We describe an adCORD phenotype based on a conservative substitution of a hydrophobic residue (L151), located in the Ca²⁺-binding loop of EF4, by another hydrophobic residue (F), which is not much bulkier than L. This is surprising, and for this reason we investigated the consequences of this mutation rigorously by biochemical, biophysical, and molecular modeling techniques. The pathogenic properties of the GCAP1-L151F mutations described in this article are supported by several independent observations. First, the mutation decreases the Ca²⁺ sensitivity of GC stimulation, an effect also seen in Y99C, E155G, and I143NT mutations. ²² The change in sensitivity leads to persistent stimulation of GC1 at high “dark” Ca²⁺ and to disease due to gain of function. Second, recombinant GCAP1-L151F is susceptible to proteolysis, because it is unable to assume a compact Ca²⁺-bound conformation essential for inactivity at dark Ca²⁺ (Fig. 2D) . Third, MDs of WT-GCAP1 and L151F-GCAP1 confirmed that a significant change in the structure of mutant GCAP1 influences the binding of Ca²⁺ in EF4 and EF2 (Fig. 4) . Although residue 151 in EF4 is forming a β-sheet with EF3, no hydrogen bond is broken after mutation and during the entire simulation. Fourth, the L151F mutations have been independently identified in a large Utah pedigree with dominant cone dystrophy. ⁶³ The reason for the discrepancy in phenotype (adCD versus adCORD) is unclear, but anomalies in the rod response may be slow in developing and may depend on the genetic background. 
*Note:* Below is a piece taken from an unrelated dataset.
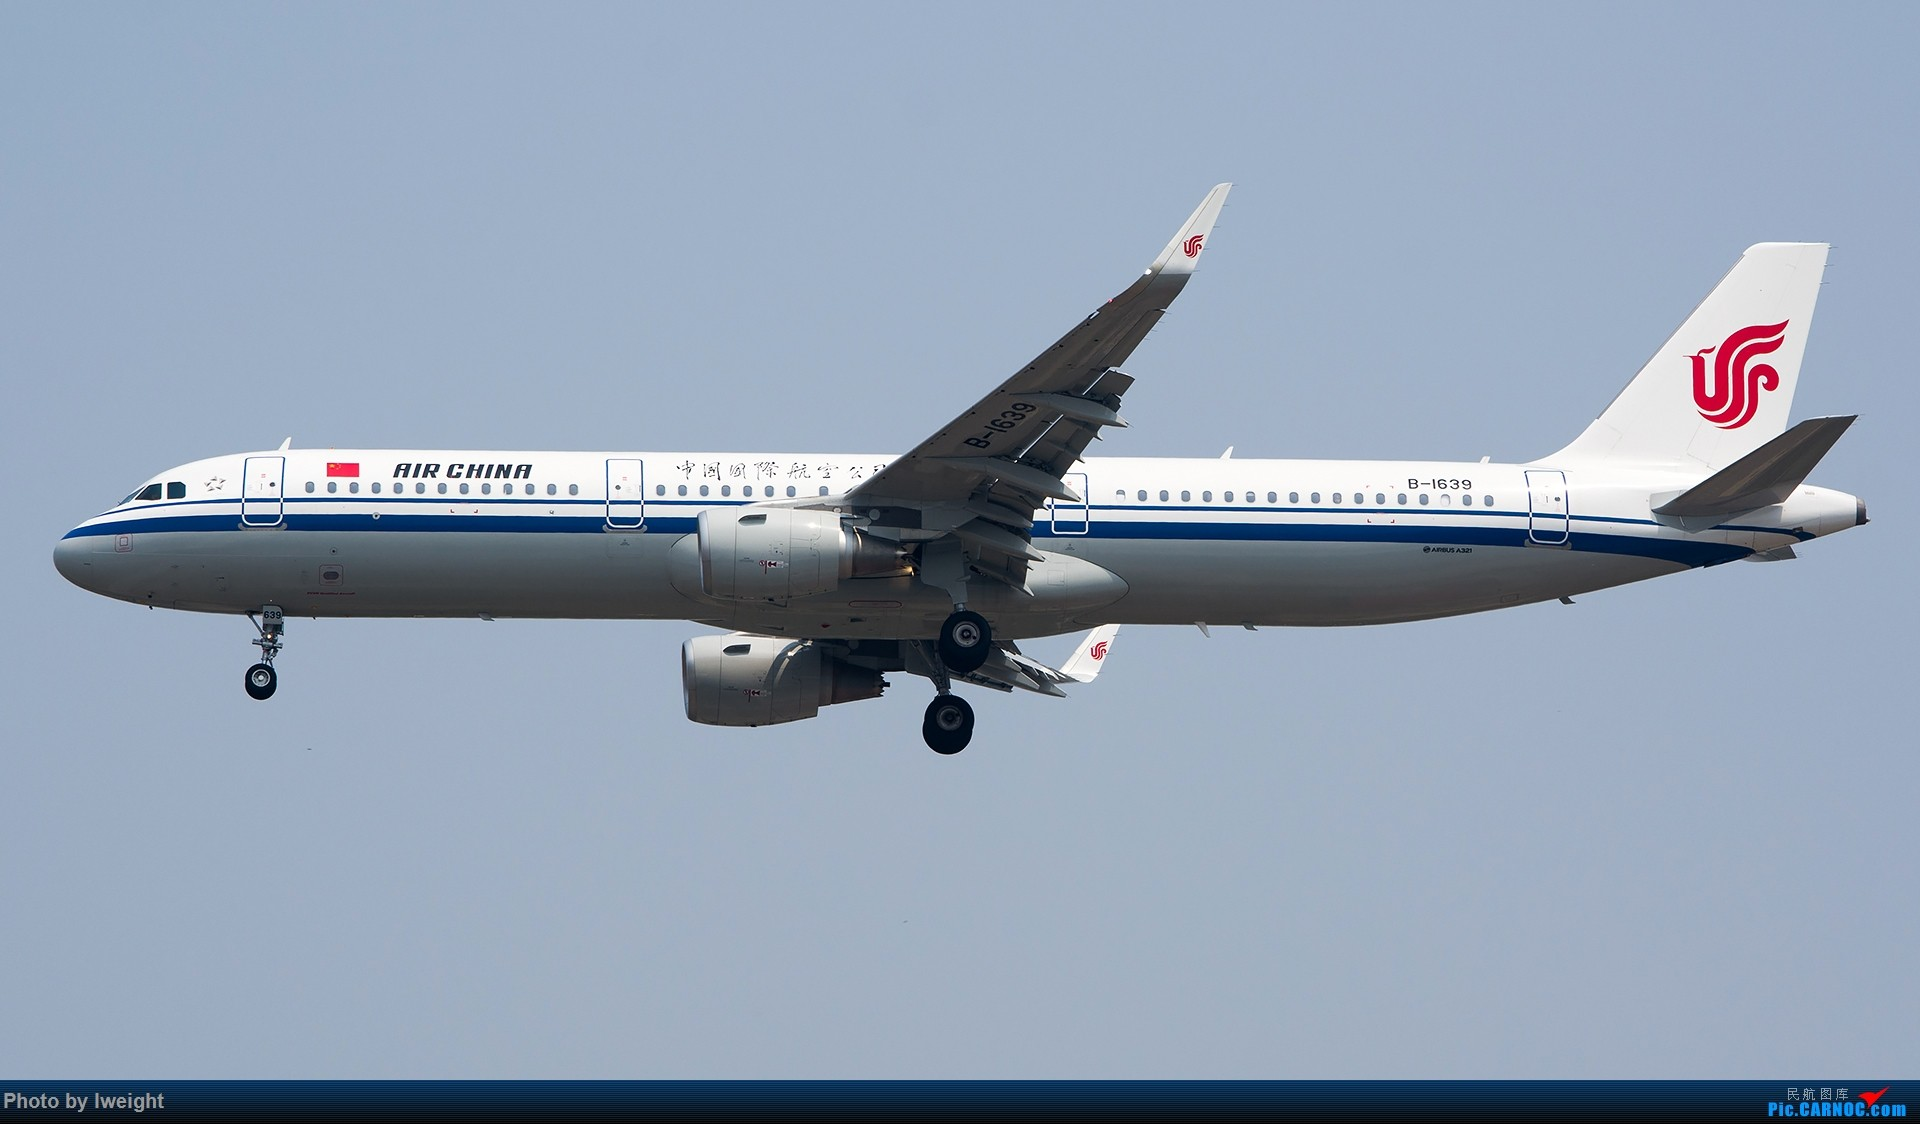 Re:[原创]周末帝都霾天拍机,凑合看看吧【2015-5-23】 AIRBUS A321-200 B-1639 中国北京首都国际机场

In summary, all GCAP1 mutations identified so far and linked to retinal disease (Y99C, E155G, I143NT) are inherited in a dominant fashion, and affect Ca²⁺ coordination and Ca²⁺ sensitivity (exception P50L, which may be a rare polymorphism). The EF hand mutants display a gain of function at physiological high (dark) [Ca²⁺], at which WT-GCAP1 normally would be inactive. The gain of function consists of persistent stimulation of photoreceptor guanylate cyclase leading to elevated levels of cGMP in the cytoplasm of rod and cone outer segments. It is not surprising that GCAP1 mutants disrupting the interface between GCAP1 and guanylate cyclase associated with retina disease have not been identified, since mice lacking GCAP1 and -2 display no measurable retina degeneration. ^{32 34} It is currently not understood why some mutations (E155G, Y99C) lead to adCD, whereas L151F causes a more severe adCORD phenotype. This may depend on the degree of stimulation in the dark-adapted photoreceptors, and the level of cytoplasmic cGMP that is established in the dark. Higher levels would be considered more cytotoxic, but not quite as high levels as are thought to lead to milder phenotypes. Transgenic mice expressing mutant GCAPs and mimicking the human disease may be useful in answering these questions.